🤖 AI Summary
In multi-agent reinforcement learning (MARL) routing games for autonomous vehicles (AVs), selfish agent decisions impede system convergence, induce oscillations, and compromise traffic stability. Method: This paper proposes a socially aware cooperative optimization mechanism centered on an intrinsic reward signal derived from a counterfactual marginal cost matrix, explicitly modeling how individual actions affect system-level equilibrium while balancing global efficiency and individual rationality. This non-selfish reward preserves Nash equilibrium properties while suppressing policy oscillations. Contribution/Results: The mechanism significantly improves training stability and convergence speed. Experiments on both synthetic toy networks and the real-world St. Arnold road network demonstrate stable convergence under the proposed method, whereas mainstream MARL baselines fail entirely. This work establishes a provably stable, distributed learning paradigm for large-scale AV cooperative routing.
📝 Abstract
Previous work has shown that when multiple selfish Autonomous Vehicles (AVs) are introduced to future cities and start learning optimal routing strategies using Multi-Agent Reinforcement Learning (MARL), they may destabilize traffic systems, as they would require a significant amount of time to converge to the optimal solution, equivalent to years of real-world commuting.
We demonstrate that moving beyond the selfish component in the reward significantly relieves this issue.
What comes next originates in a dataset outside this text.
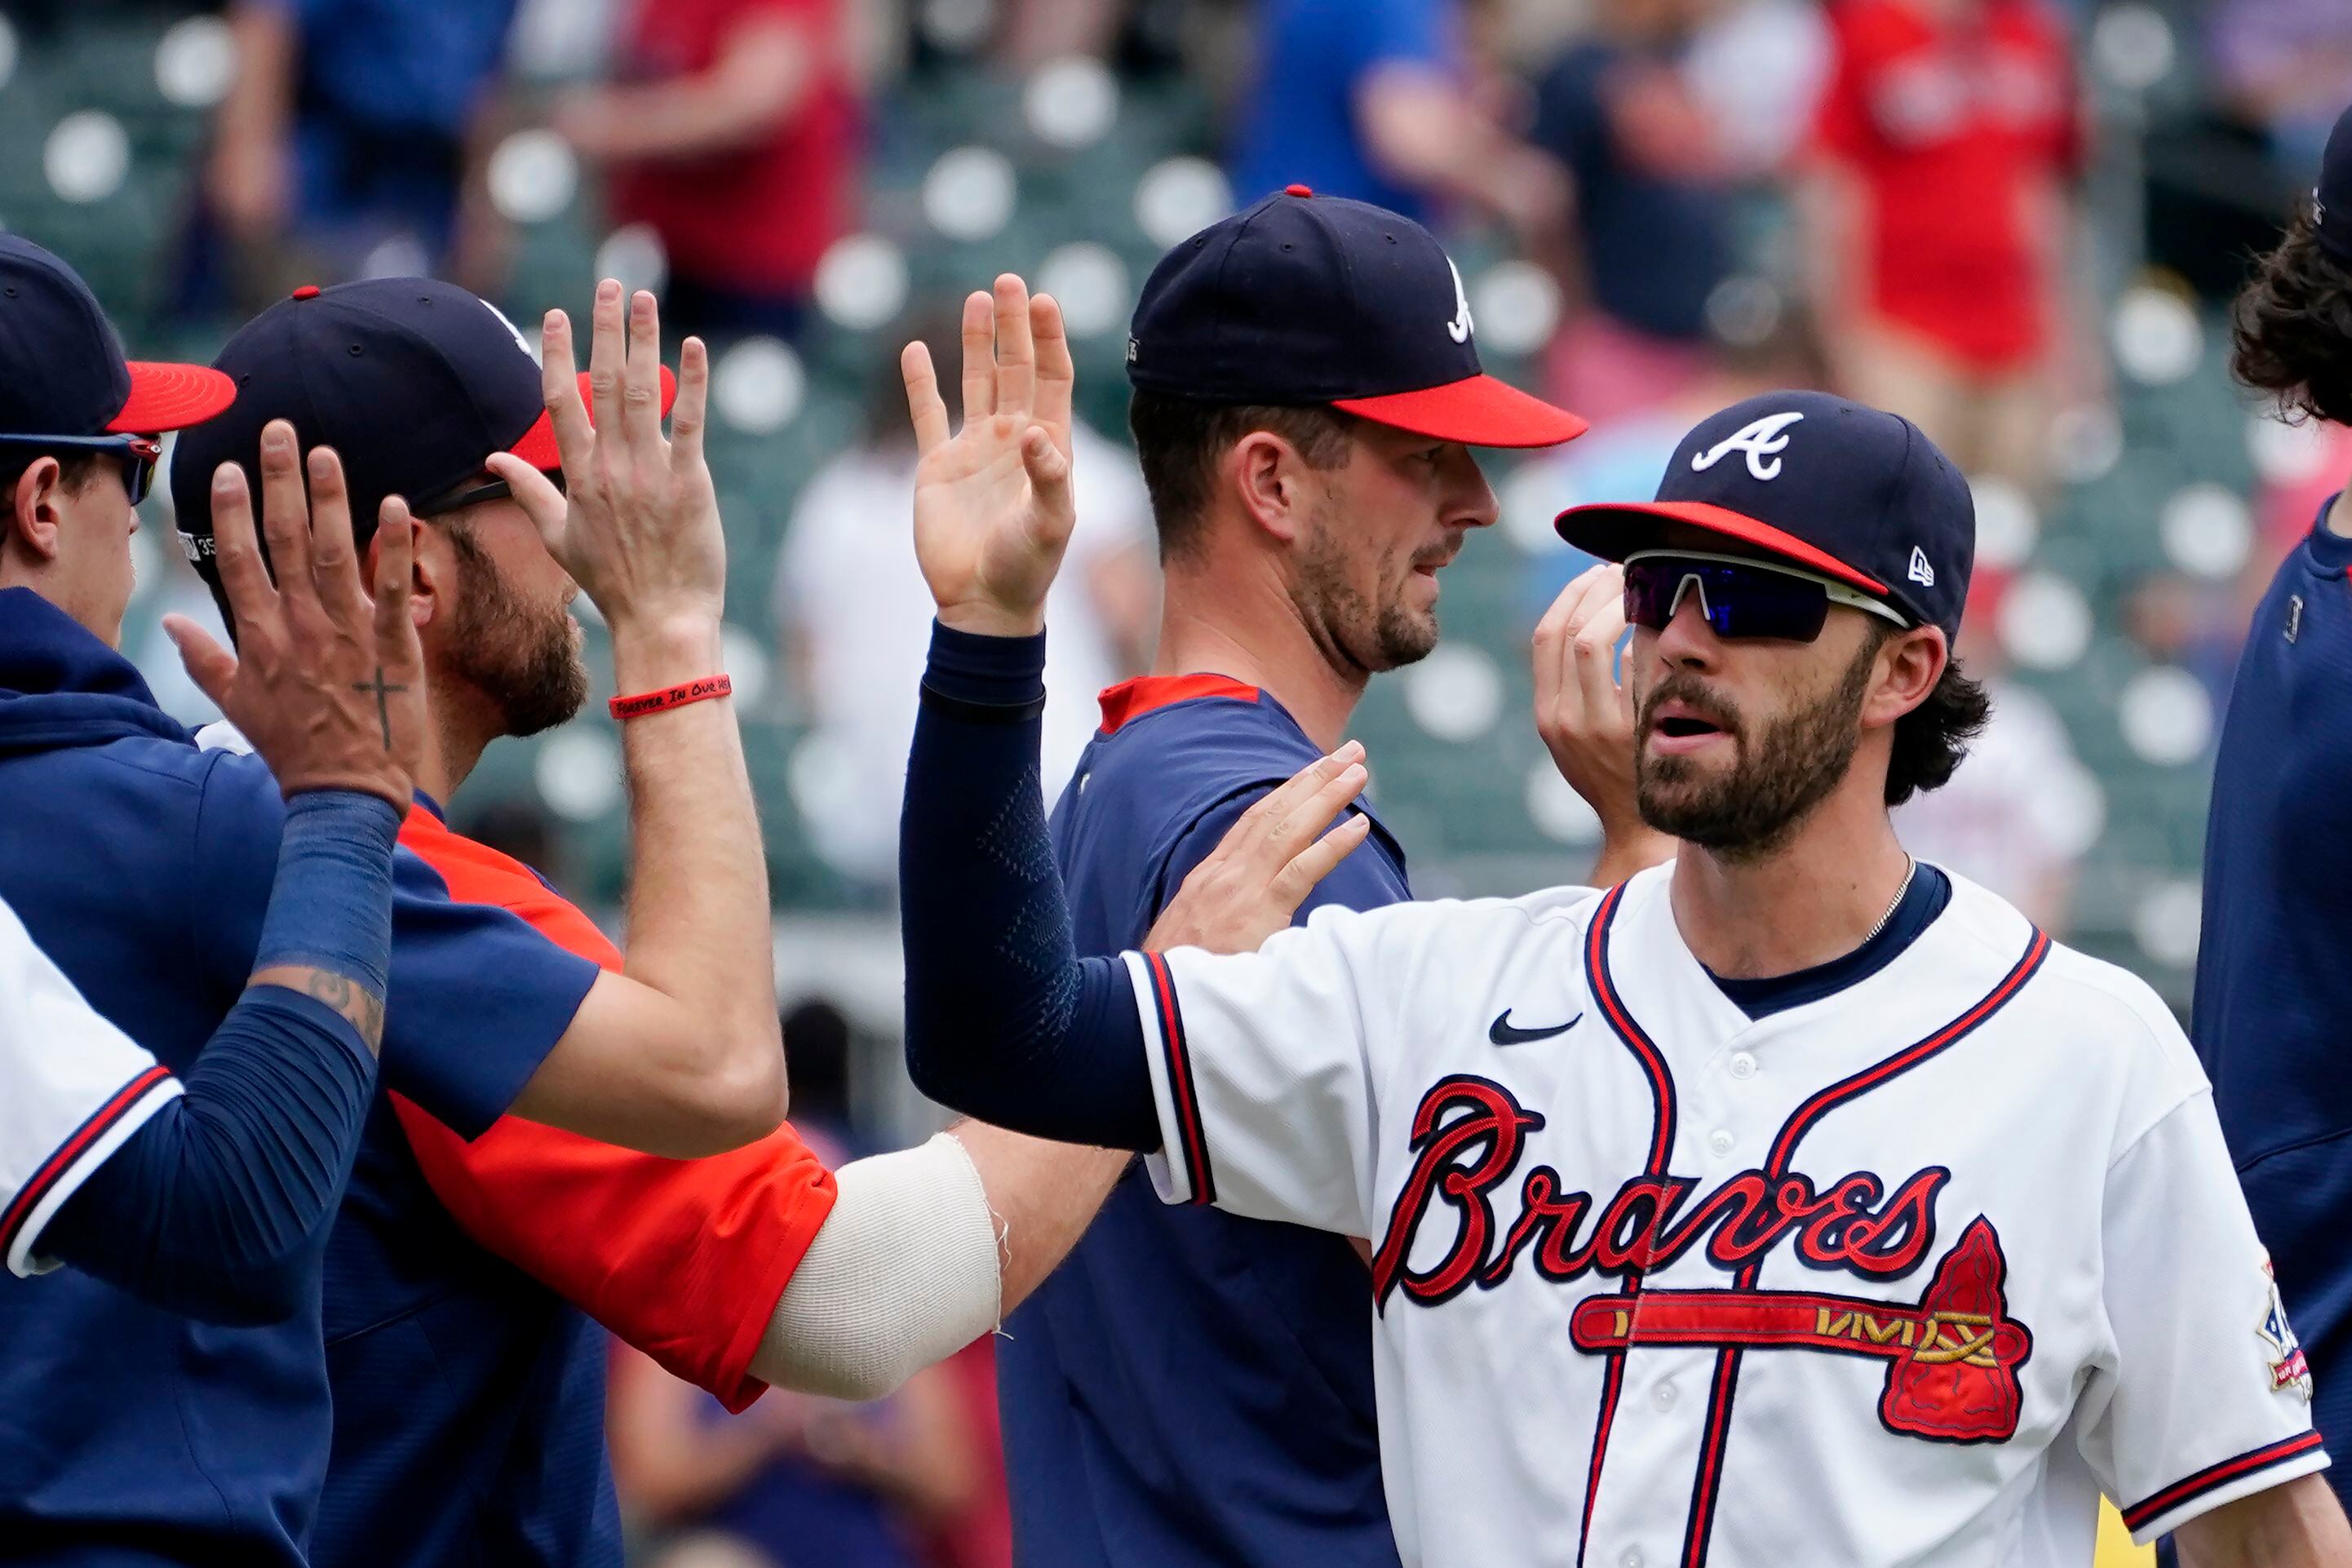 Braves are one of MLB's best teams, and Brian Snitker is their guiding force

If each AV, apart from minimizing its own travel time, aims to reduce its impact on the system, this will be beneficial not only for the system-wide performance but also for each individual player in this routing game.
By introducing an intrinsic reward signal based on the marginal cost matrix, we significantly reduce training time and achieve convergence more reliably. Marginal cost quantifies the impact of each individual action (route-choice) on the system (total travel time). Including it as one of the components of the reward can reduce the degree of non-stationarity by aligning agents' objectives. Notably, the proposed counterfactual formulation preserves the system's equilibria and avoids oscillations.
Our experiments show that training MARL algorithms with our novel reward formulation enables the agents to converge to the optimal solution, whereas the baseline algorithms fail to do so. We show these effects in both a toy network and the real-world network of Saint-Arnoult. Our results optimistically indicate that social awareness (i.e., including marginal costs in routing decisions) improves both the system-wide and individual performance of future urban systems with AVs.